Complex, hierarchical societies with civic and ceremonial centers. Advanced agricultural practices. This wasn't a people scraping by at the edge of the wilderness — this was a civilization with its own architecture, its own rhythm, its own way of making sense of the world.

Now, the Caddo weren't one monolithic group. They were comprised of various peoples with distinct dialects and customs, which tells you something about how deep and how wide their culture ran. When the Spanish and French came nosing around, they left behind accounts — historic records of the Caddo and their customs.

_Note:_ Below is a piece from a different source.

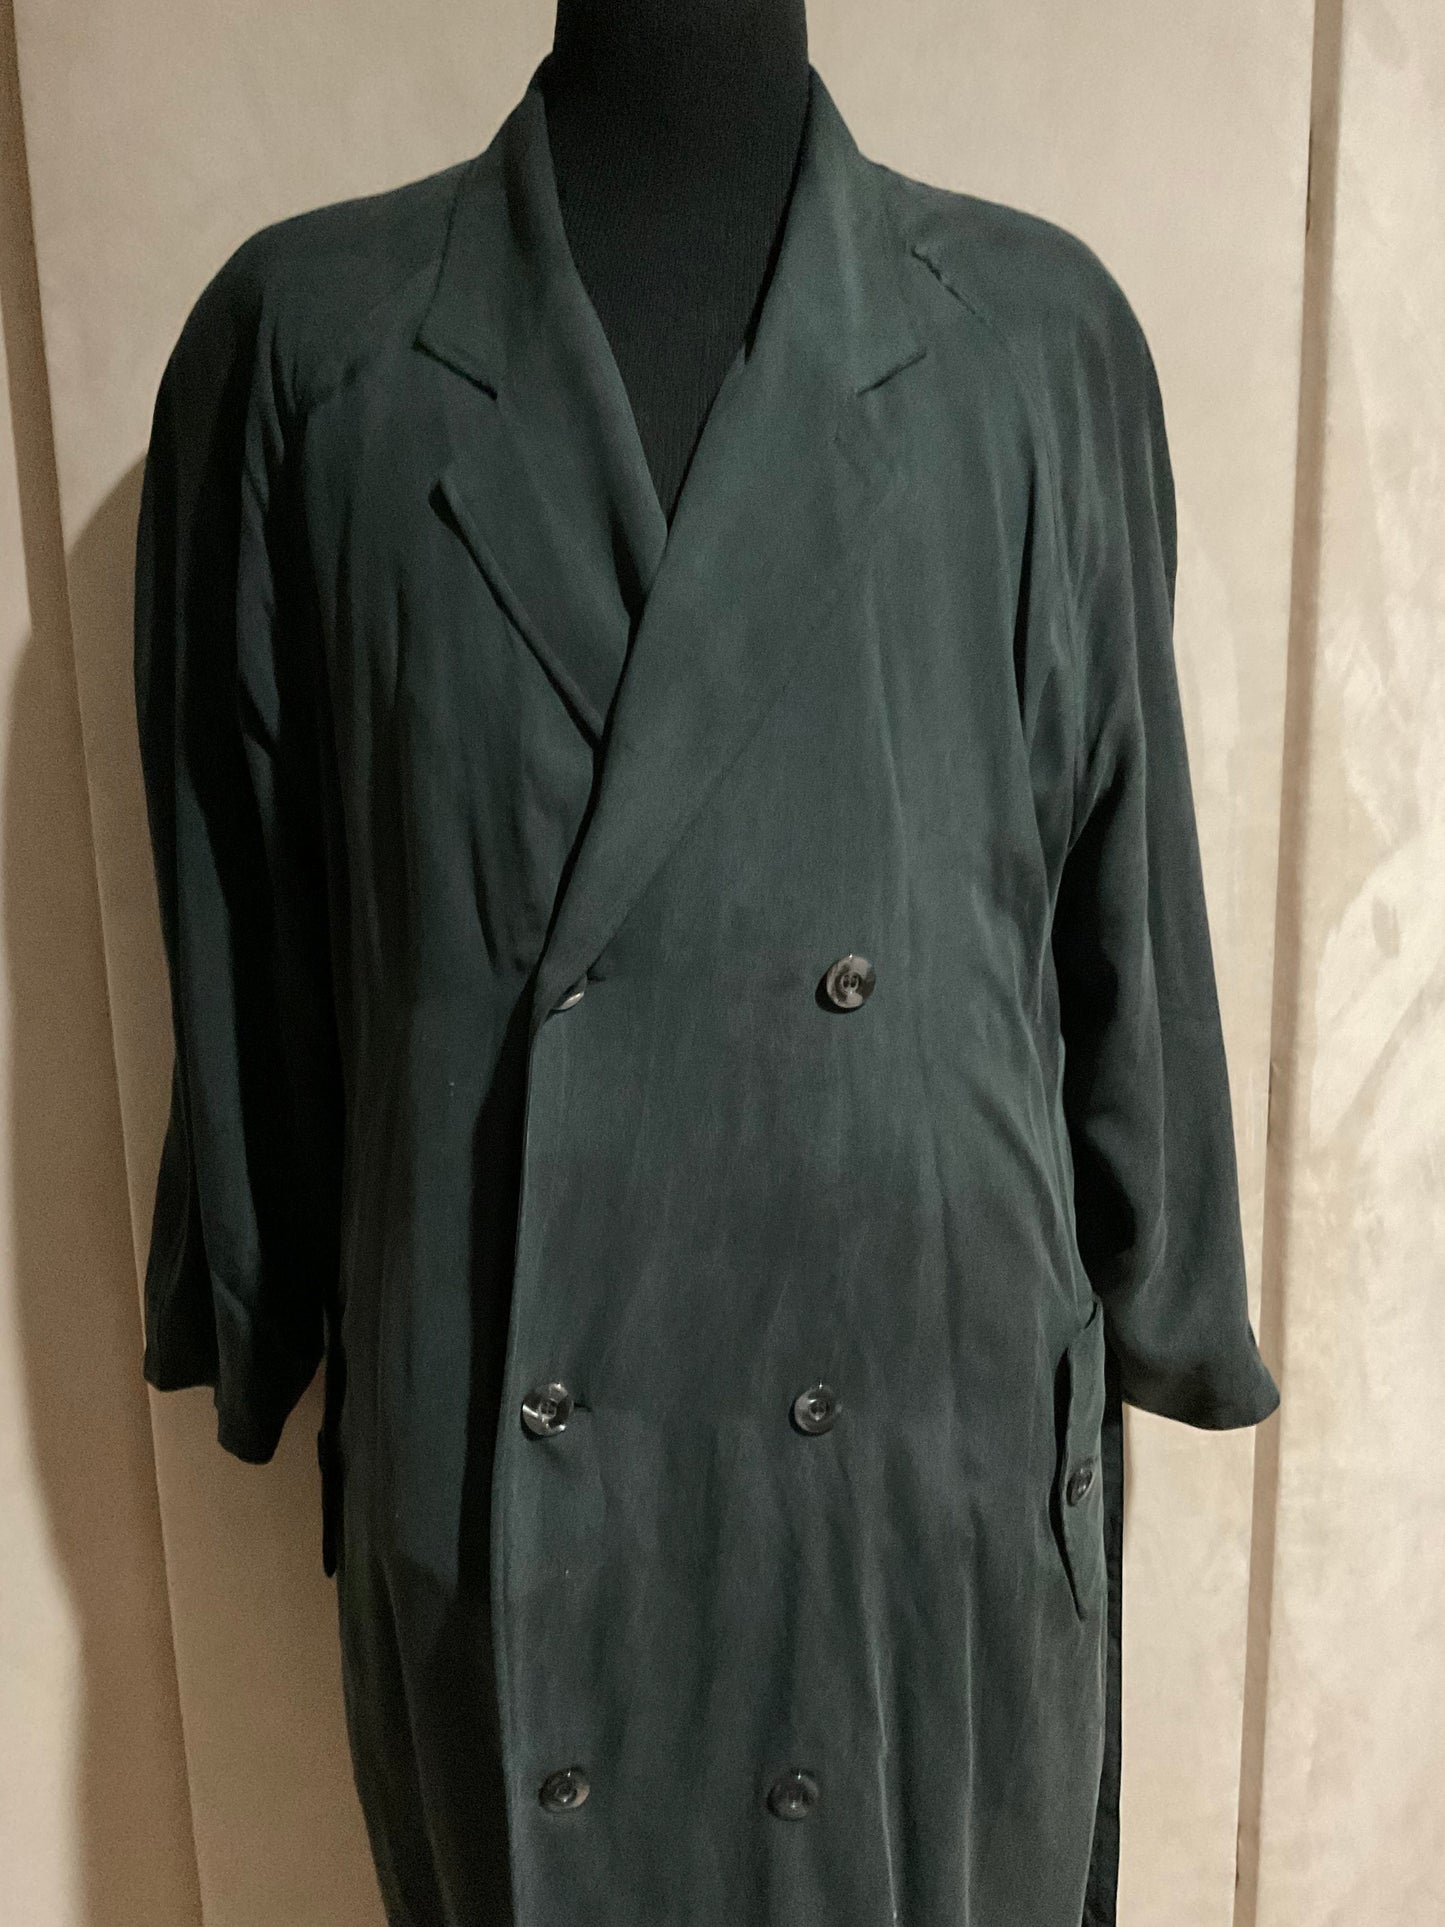 R P WASHED SILK DUSTER LONG COAT / DOUBLE BREASTED / NEW / BLACK / MEDIUM - LARGE

And for a time, trade with the Europeans, especially the French, went well enough. But here's where the story takes its dark turn, and it deserves to be said plainly. That contact with the Old World brought Old World diseases, and the Caddo population declined — rapidly.

On top of that, other Native American groups from the eastern United States were arriving, pushing into Caddo territory. And then came Anglo-American settlement in Texas, which further threatened and limited the Caddo homeland. By the late 1850s, the Caddo were forced to relocate to Indian Territory — present-day Oklahoma.

Forced. That word ought to sit with you a moment. A people rooted in this land since A.D. 800, and they were forced out of it.

Today, the Caddo Nation maintains its headquarters in Binger, Oklahoma, where members of the tribe keep their cultural traditions alive through pottery, song, dance, and language. The story didn't end at the border. Now, right here in Titus County, the land drained by Cypress Creek holds something archeologists have been paying very close attention to.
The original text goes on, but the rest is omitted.